I agree with Bob Swain's review that this is a great book, but not with his assertion that it's great because it somehow sides with Lyotard. The beauty of this book is that it manages to very dispassionately weigh Lyotard's anti-inhumanism against feminist pro-cyborg, post-humanist thought. Sim remains a lucid but fair interpreter of postmodern feminism AND Lyotard's own brand of postmodernism. I found both Lyotard and Haraway to have equally compelling points. Swain's review was oddly one-sided and by being so shows he perhaps read the book too fast (40 minutes) and didn't quite get it. Sim is *not* siding with Lyotard, but showing all facets of humanism, inhumanism, post-humanism, etc. Some of the books in the Postmodern Encounters series hit the mark more than others, but this one is a model for what the series strives for. Pertinent, well-written, fair, and evocative, it touches on deep, essential questions for our times.

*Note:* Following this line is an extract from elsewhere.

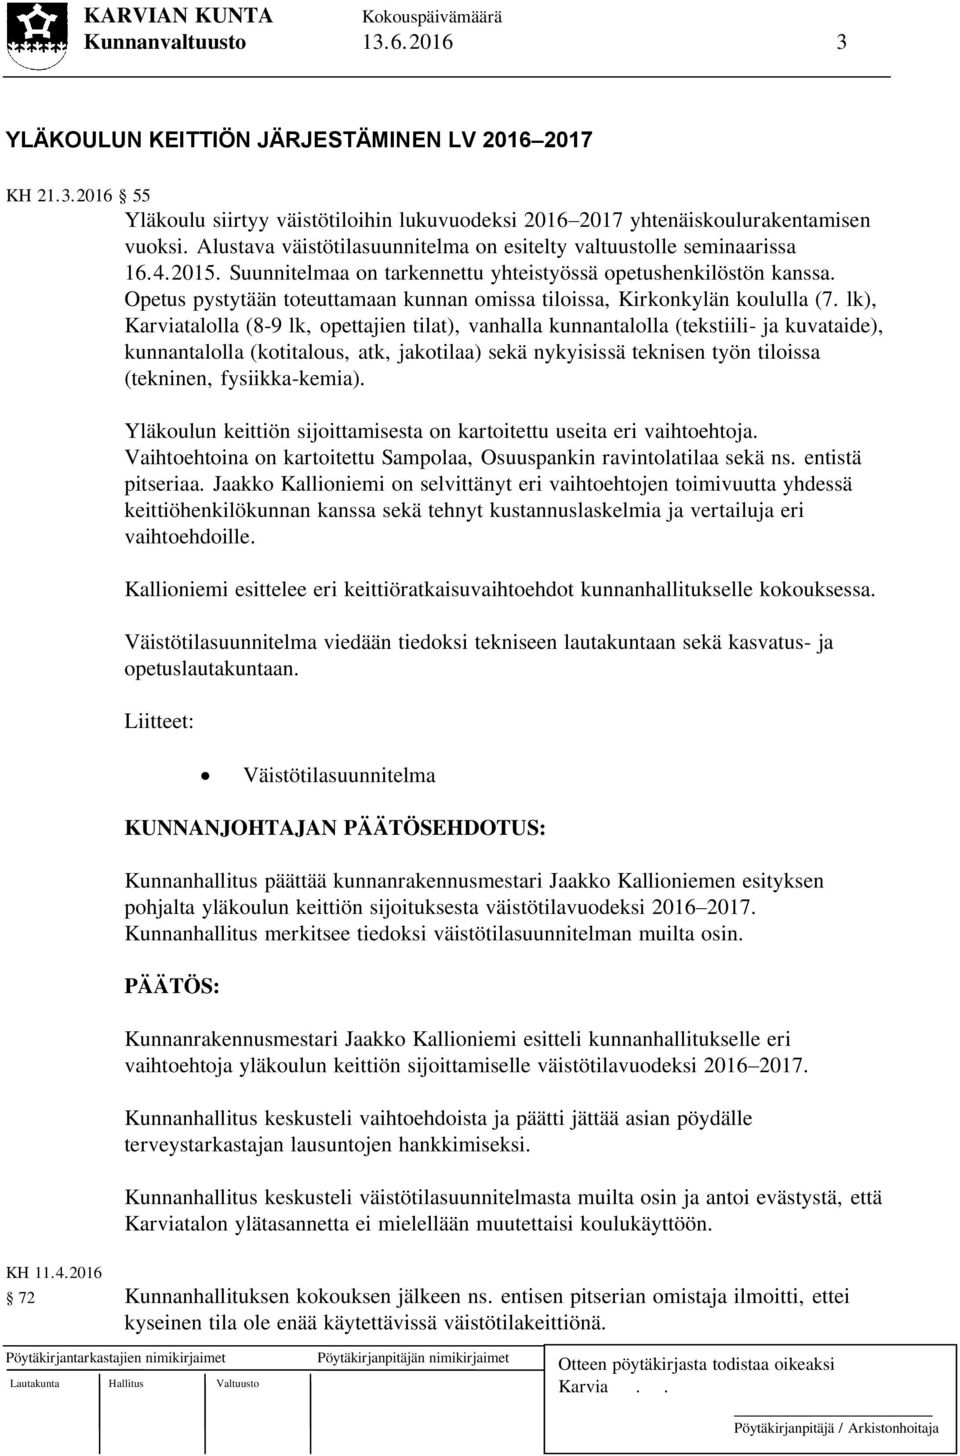 Opetus pystytään toteuttamaan kunnan omissa tiloissa, Kirkonkylän koululla (7.

However, I disagree with a statement made in the book that inhumanism/posthumanism/humanism is the greatest debate-challenge of the 21st century: I believe that peak oil, energy depletion, resource wars, and potential global economic collapse from running out of energy to be the biggest challenge facing humanity. For without electricity and power, all of the technology discussed in Sim's "little" book -- Internet, cyborgs, cyberspace, Artifical Intelligence, Artificial Life, techno-science, etc -- is nothing. The debate in Sim's book is meaningless outside of an oil-powered, highly technological, developed society/world. Strangely, Sim, Lyotard, Haraway, and all the thinkers involved miss this point, that techno-science, cyborgism, post-humanism, etc, all depend on energy and power, which the world is running out of at an alarming rate. In this sense, Sim's book is great for the here-and-now of the EARLY 21st century -- but what threatens life on earth (humanity especially) more than the sun's eventual heat death is peak oil, global warming, resource wars, overpopulation, and energy depletion. Peak oil/peak coal/peak natural gas/etc should be the topic of a Postmodern Encounters book!

Great small book

This is a great small book that packs a lot into 80 pages. For those who find Lyotard daunting and his arguments inaccessible Sims' summation of Lyotard's book The Inhuman will be invaluable. Like capital cyberspace attempts at universal control. Lyotard argues for difference rather than uniformity. This includes gender difference. Against the cyborg revolution of Donna Haraway Lyotard is in favor of the ineradicable differend between the genders as they currently exist and not for the sexless gender-free robot universe of the near future as outlined by Haraway. It only took me about 40 minutes to read and it was clear as a lightning bolt illuminating Lyotard's continuous Augustinian humanism against the bleak backdrop of the Sadean left.